The last phase of the changes to certificate-based authentication on domain controllers (DC) is here. As stated in reminders, Full Enforcement mode phase starts in February 2025. This mode change occurs when you install the Windows updates dated February 2025 or later.
Starting in May 2022, certificate-based authentication on Windows DCs started to go through a series of changes to enhance security, following a planned timeline of Enablement Phases.
After you install the Windows security updates released in February 2025 or later, authentication for certificates that do not meet the expected mapping requirements will be denied. This change is known as Full Enforcement mode. However, you can move back to Compatibility mode until September 2025. For full details, see KB5014754.
When will this happen:
In February 2025, devices will move to Full Enforcement mode.

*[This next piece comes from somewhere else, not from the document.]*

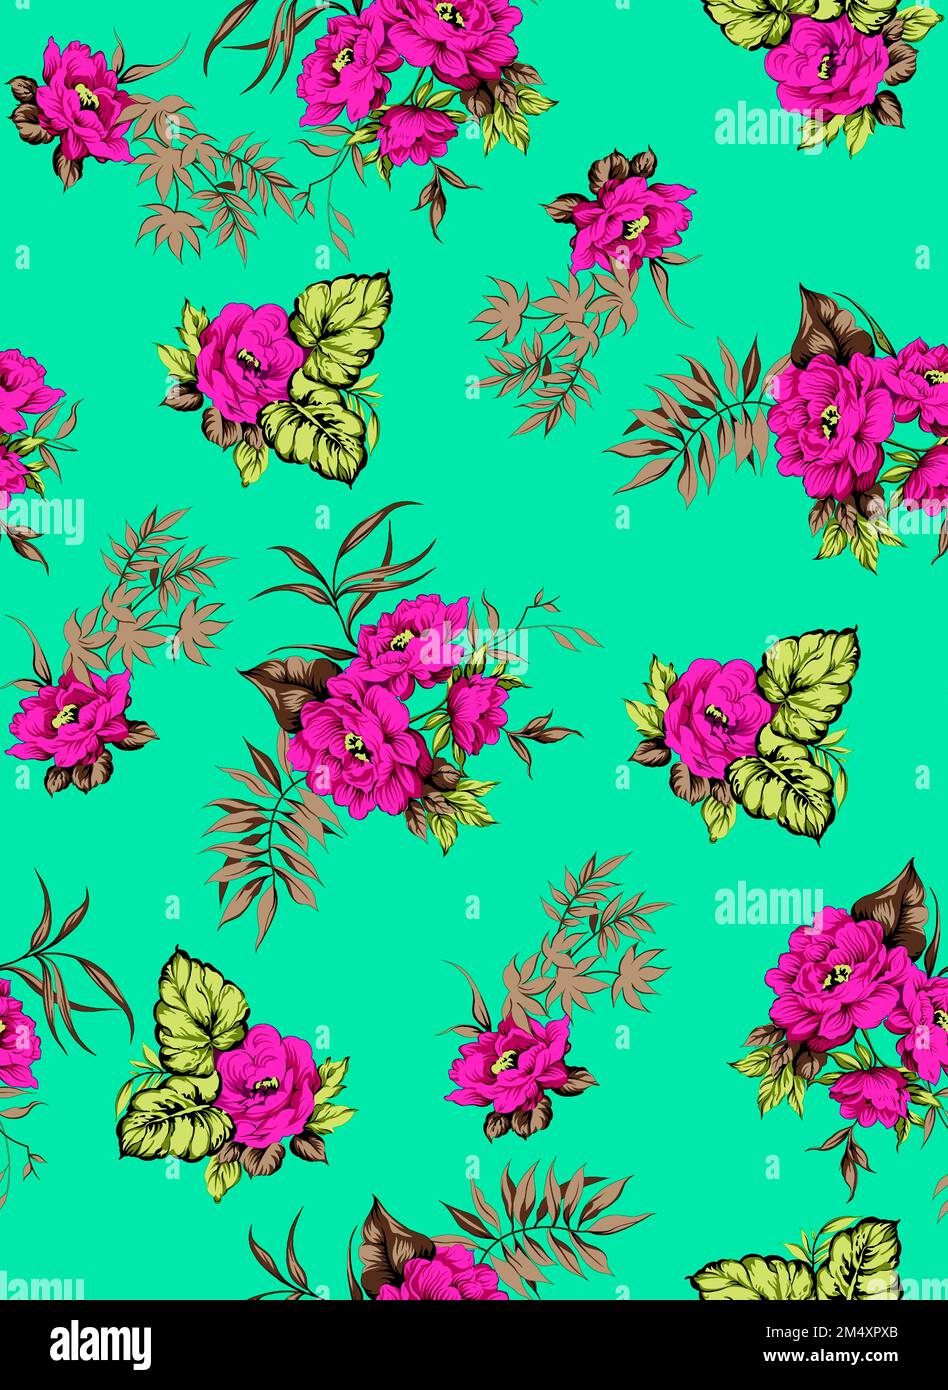 Pink flowers with green leaves on cyan or background floral Pattern For Textile Use. Seamless Floral Pattern For Kurti, skirts and dresses. Stock Photo

How this will affect your organization:
When you install the February 2025 or later Windows update, devices that are not already in Full Enforcement mode (StrongCertificateBindingEnforcement registry value is set to 2) will be moved to Full Enforcement mode. If authentication is denied, you will see Event ID 39 (or Event ID 41 for Windows Server 2008 R2 SP1 and Windows Server 2008 SP2). You will have the option to set the registry key value back to 1 (Compatibility mode) at this stage. In the September 2025 Windows update, the StrongCertificateBindingEnforcement registry value will no longer be supported.
What you need to do to prepare:
Review the date changes in the “Take action”, “Full Enforcement mode”, and “Registry key information” sections of KB5014754. Take the appropriate action needed to make your devices more secure.
Additional information:
For full detailed information, see KB5014754: Certificate-based authentication changes on Windows domain controllers.